Our study is unique in that no recurrences were observed during the follow-up period, even among patients with considerable PTV depth (> 5 mm) and a large treatment area (25% with surface area > 70 cm2). We also demonstrated a correlation between small volume skin dose parameters and toxicity, an area that remains relatively underexplored in the existing literature.
Although various radiotherapy techniques demonstrated comparable local control with acceptable toxicity profiles, external beam radiotherapy using photons or electrons remains the most widely employed modality. However, the implementation of customized surface mould brachytherapy requires dedicated training, meticulous planning, and experienced multidisciplinary coordination, including skilled radiation oncologists, medical physicists, and technicians.

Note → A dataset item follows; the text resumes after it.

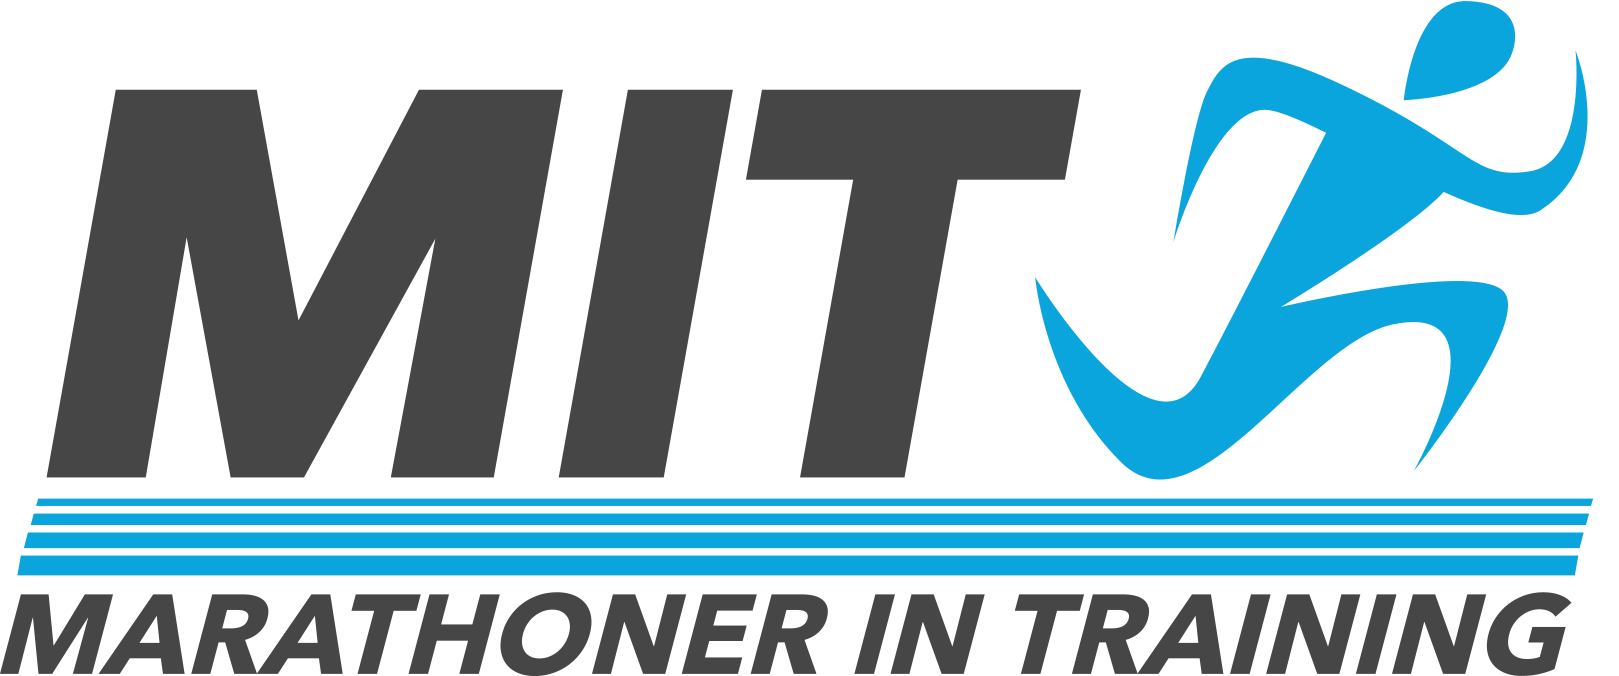 MIT-2019.png

Consequently, this modality is predominantly practiced in centers with established institutional expertise. Broader adoption of surface mould brachytherapy may be facilitated by structured training programs, standardized protocols, and collaborative knowledge-sharing among peer institutions, enabling its safe and effective integration into routine clinical practice.

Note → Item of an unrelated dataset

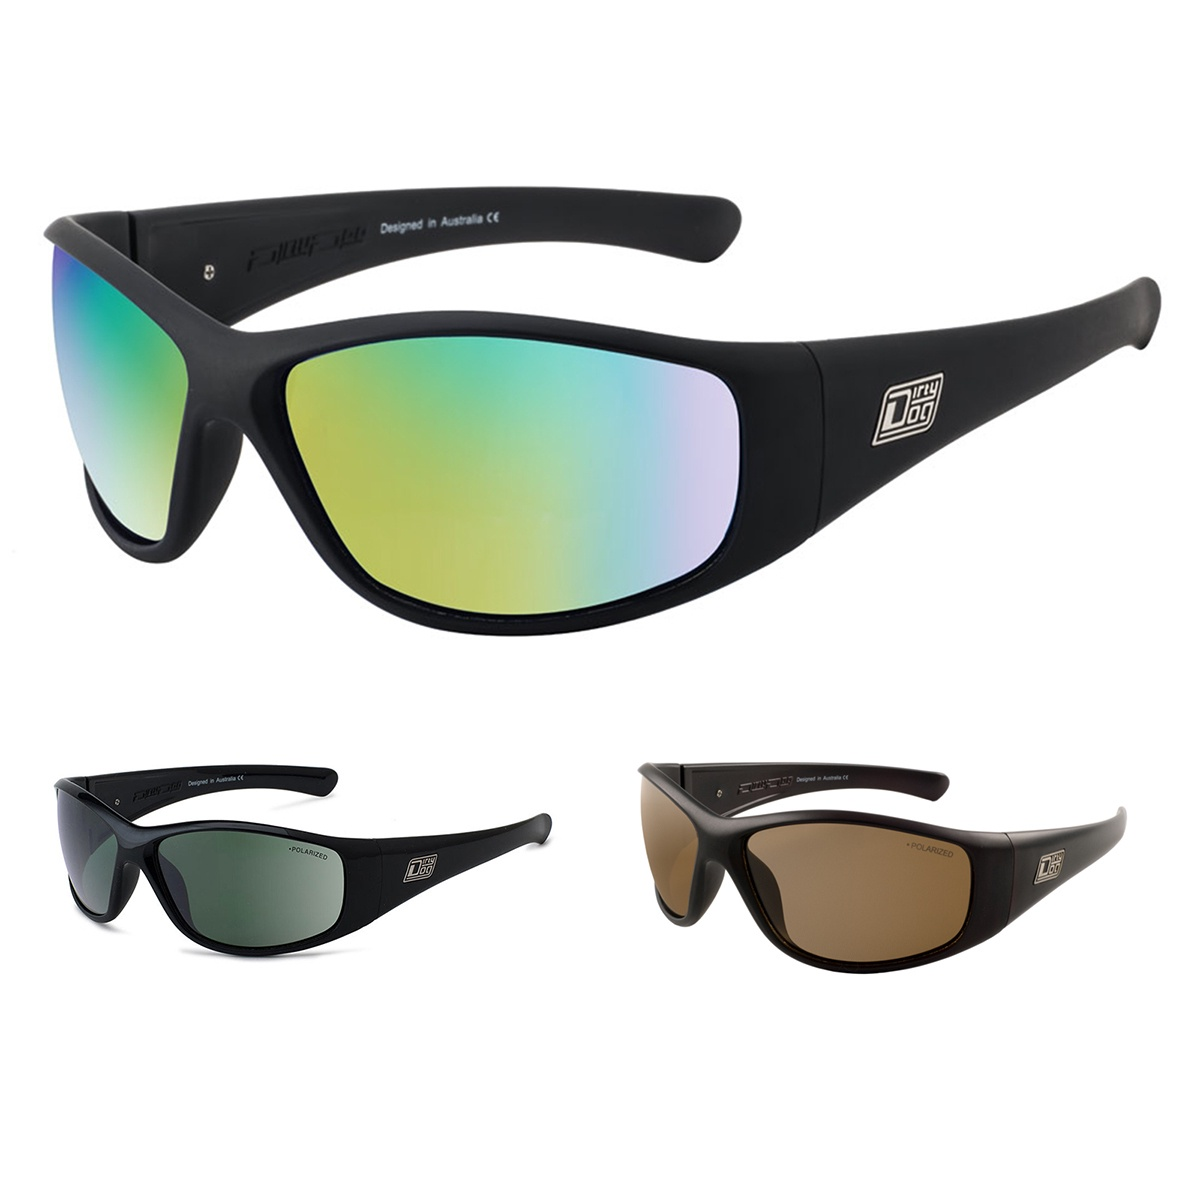 057550df137 Dirty Dog Ridge Polarised Sunglasses

Recent advances in three-dimensional (3D) printing expanded the scope of individualized surface mould brachytherapy. CT-based applicator design integrated with treatment planning systems, enables precise catheter geometry and improved conformity to irregular anatomical surfaces, thereby reducing air gaps [41]. Dosimetric investigations demonstrated good agreement between planned and delivered dose distributions using polylactic acid-based applicators, with reproducible positioning and acceptable organ at risk doses [42]. Early clinical implementation in small patient series further reported complete local responses with manageable acute toxicity profiles assessed using RTOG criteria [43]. These developments suggest that 3D-printed applicators represent a practical and promising evolution of customized skin brachytherapy, particularly in anatomically challenging sites.
Conclusions
Surface mould brachytherapy can provide excellent local control and cosmetic outcome for the treatment of non-melanoma skin cancer in both adjuvant and definitive settings. While local control is excellent, cosmesis is often an issue. However, careful selection of the depth of wax bolus and keeping small volume doses within pre-defined limits may help reduce long-term skin toxicity and improve cosmesis.